- Film poster
- Directed by: Yael Melamede
- Produced by: Dan Ariely; Deborah Camiel;
- Starring: Dan Ariely
- Edited by: Erin Barnett; Chad Beck;
- Release date: April 9, 2015 (Full Frame Documentary Film Festival);
- Running time: 90 minutes
- Language: English

= (Dis)Honesty: The Truth About Lies =

2015 documentary film

(Dis)Honesty: The Truth About Lies is a 2015 feature-length documentary film directed by Yael Melamede. It explores the reasons why people lie and the methods they use.
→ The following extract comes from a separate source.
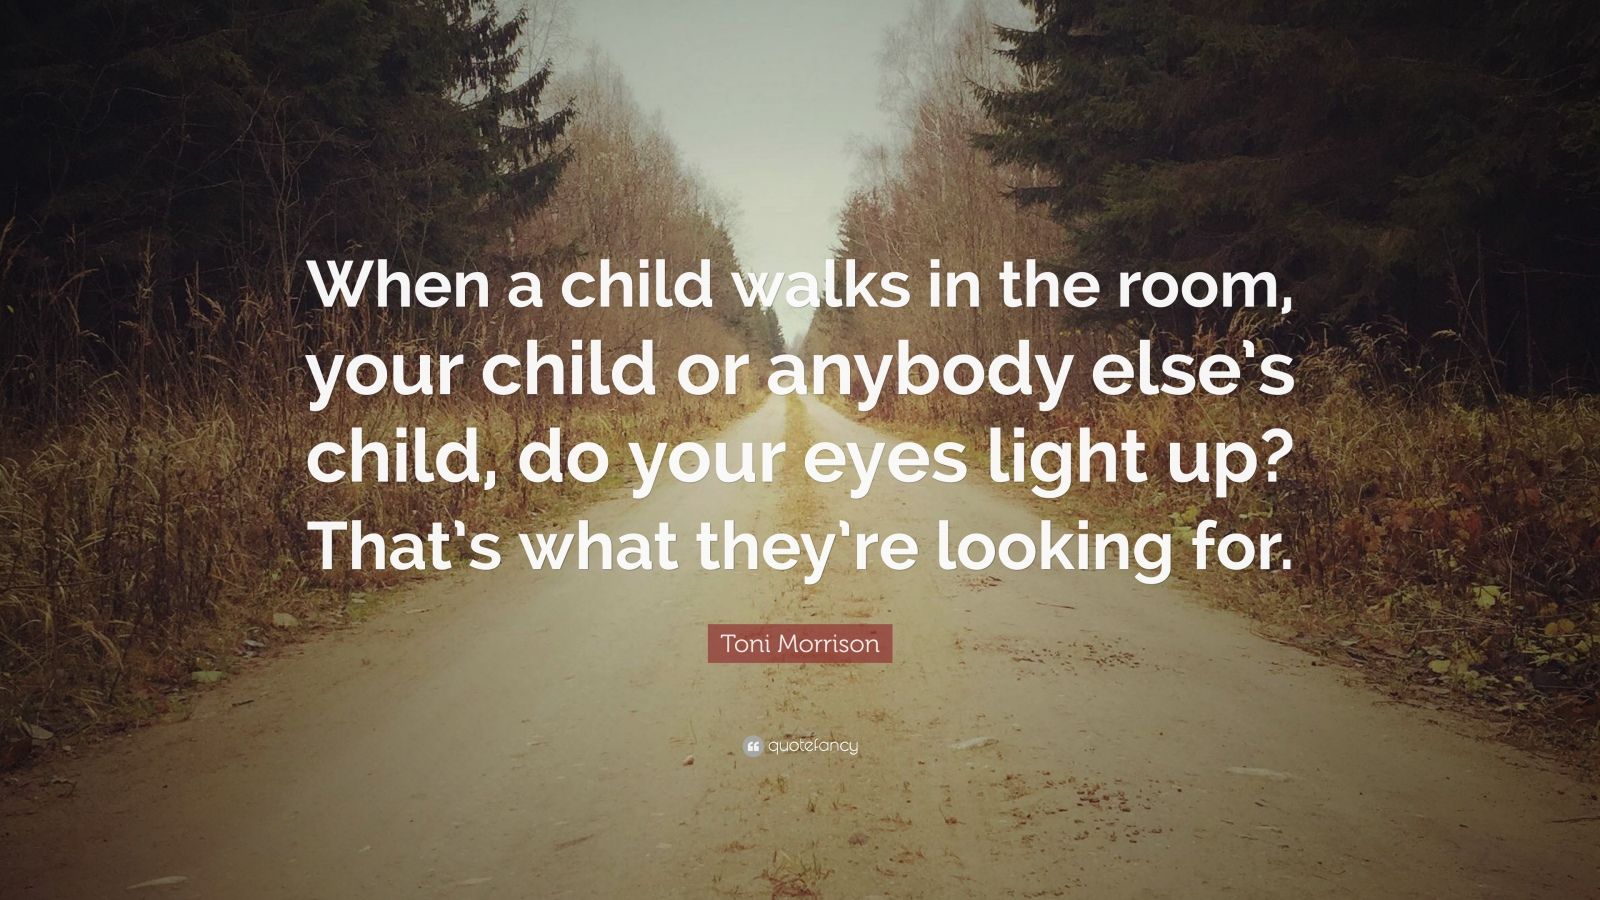 Toni Morrison Quote: “When a child walks in the room, your child or

It features direct testimony, footage and the experimental research carried out by Dan Ariely.

==Release==
(Dis)Honesty: The Truth About Lies premiered at the 2015 Full Frame Documentary Film Festival.

==Critical response==
Variety stated about the film: "this entertaining mix of anecdotal evidence, academic research and current affairs is a diverting survey that should hold appeal for niche buyers in various formats". The Hollywood Reporter described (Dis)Honesty: The Truth About Lies as a "deep-think doc animated by the researcher at its center". The New York Times criticized the lack of exploration of the loss of trust in the wider society.

The film has an 89% rating, with an average score of 7.02/10 based on 18 reviews, on Rotten Tomatoes. It has a rating of 60/100 on Metacritic, stating "Mixed or average reviews based on 6 Critics".